Source: Wikipedia, the free encyclopedia.

Isearch is open-source[further explanation needed] text retrieval software first developed in 1994 by Nassib Nassar as part of the Isite Z39.50 information framework. The project started at the Clearinghouse for Networked Information Discovery and Retrieval (CNIDR) of the North Carolina supercomputing center MCNC and funded by the National Science Foundation to follow in the track of WAIS and develop prototype systems for distributed information networks encompassing Internet applications, library catalogs and other information resources.

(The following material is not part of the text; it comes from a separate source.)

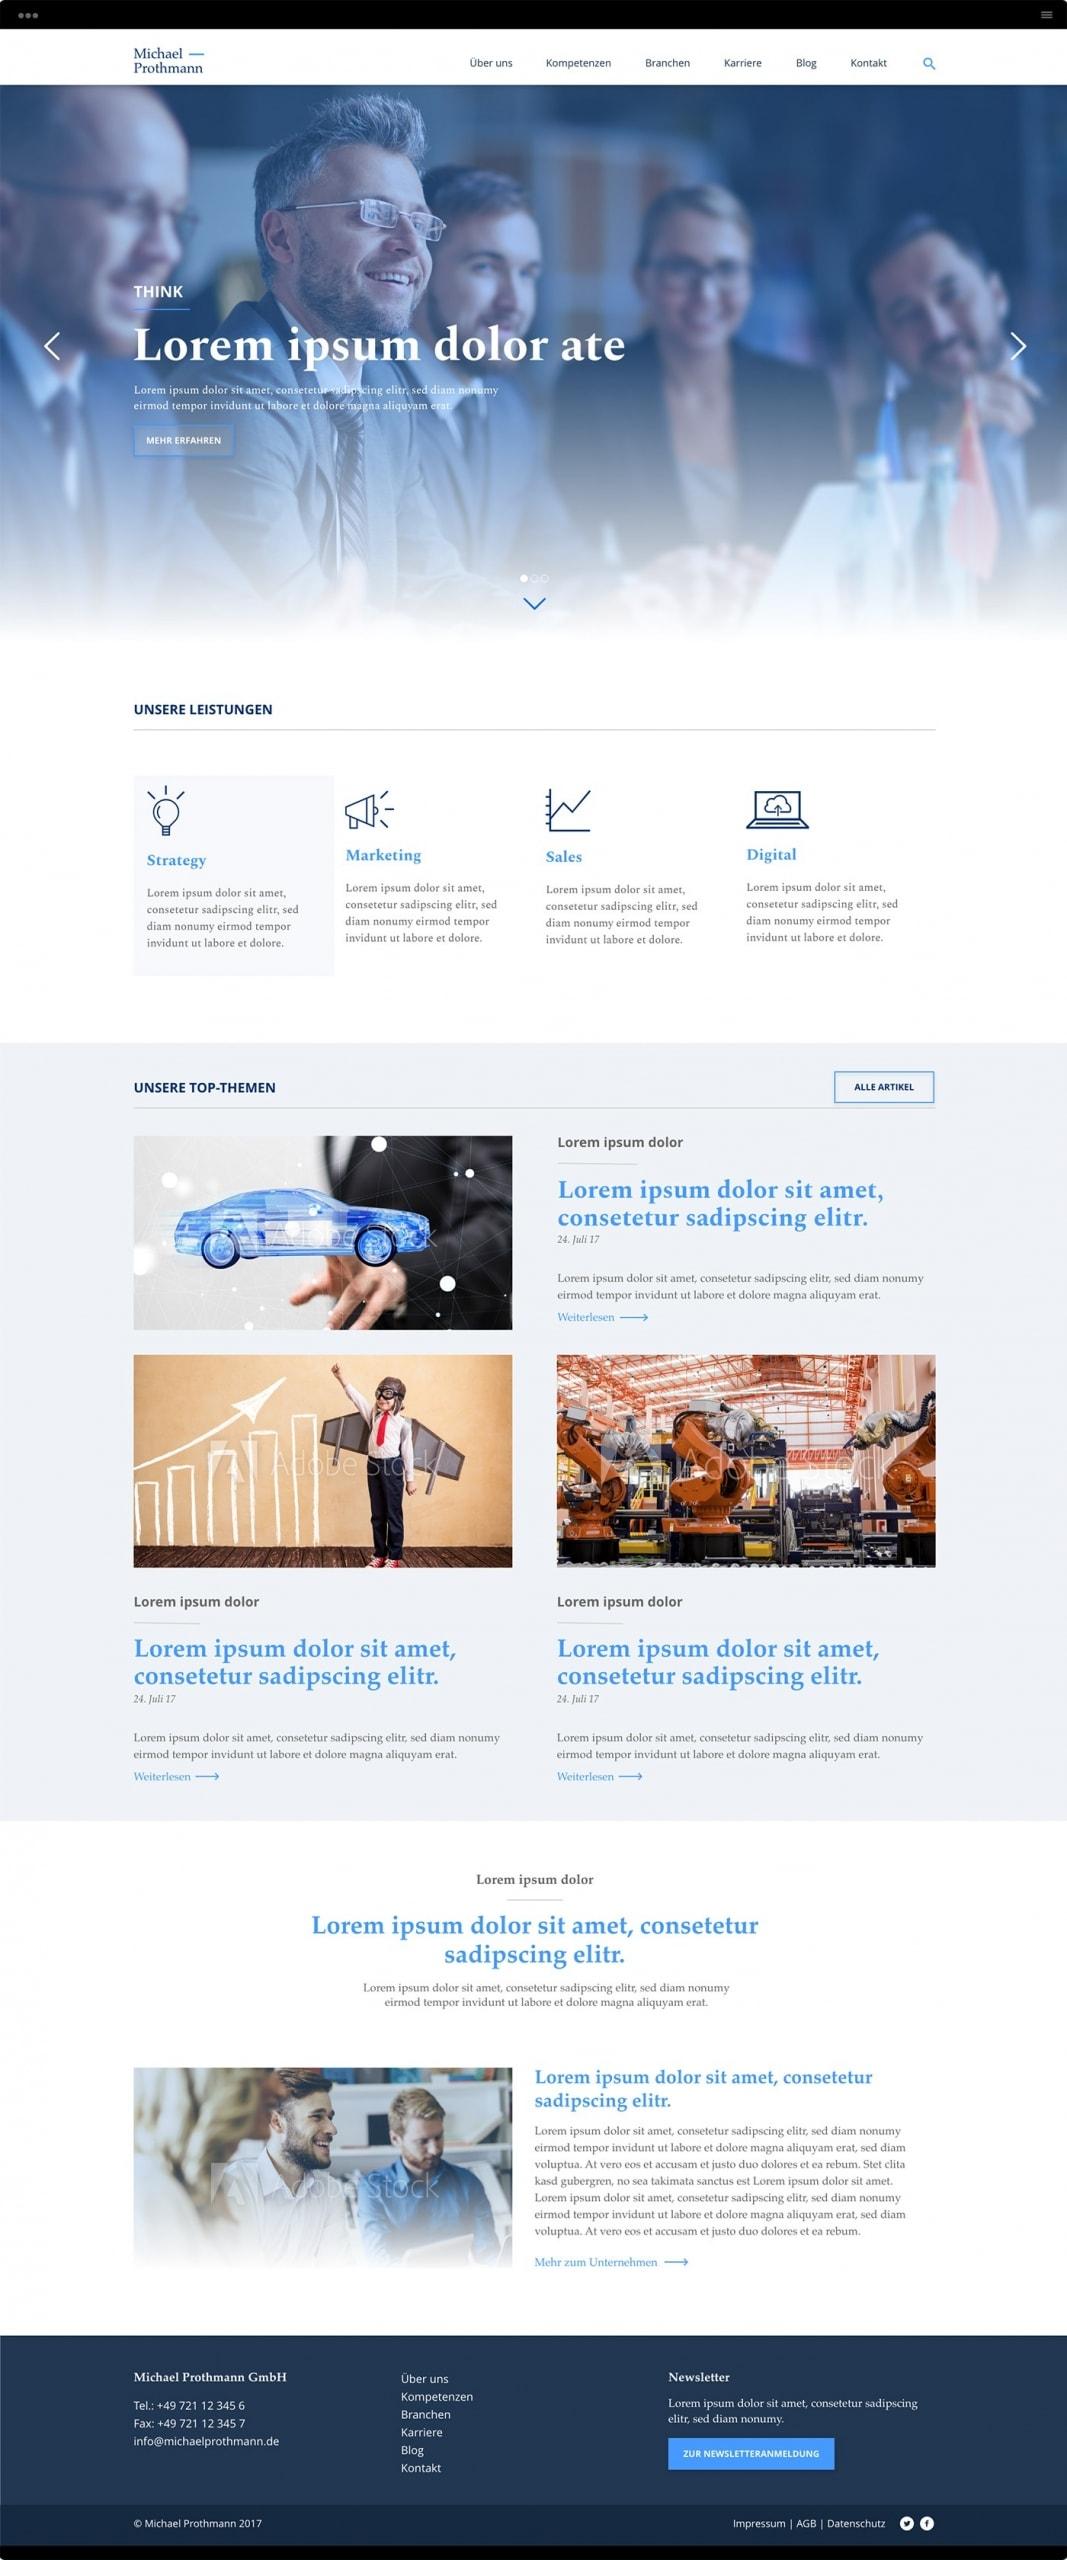 Browser Michael Prothmann Unternehmensberatung

The main features of Isearch include full text and field searching, relevance ranking, Boolean queries, and support for many document types such as HTML, mail folders, list digests, MEDLINE, BibTeX, SGML/XML, FGDC Metadata, NASA DIF, ANZLIC metadata, ISO 19115 metadata and many other resource types and document formats.

It was the first search engine to be designed from the ground up to support SGML and Z39.50 search and retrieval. It included many innovations including the "document type" model—which is simply an (object oriented) method of associating each document with a class of functions providing a standard interface for accessing the document. It was one of the first engines (if not the first) to ever support XML.

The Isearch search/indexing text algorithms were based on Gaston Gonnet's seminal work into PAT arrays and trees for text retrieval--- ideas that were developed for the New Oxford English Dictionary Project at the Univ. of Waterloo, and provided the seeds for Tim Bray's PAT SGML engine that formed the basis of Open Text. One of the limiting factors, however, of the Isearch design was that it was not well suited to handle the extremely large data sets that became popular in the mid to late 1990s. In many cases Isearch was adapted or modified to use different algorithms but usually retained the document type model and the architectural relationship with Isite.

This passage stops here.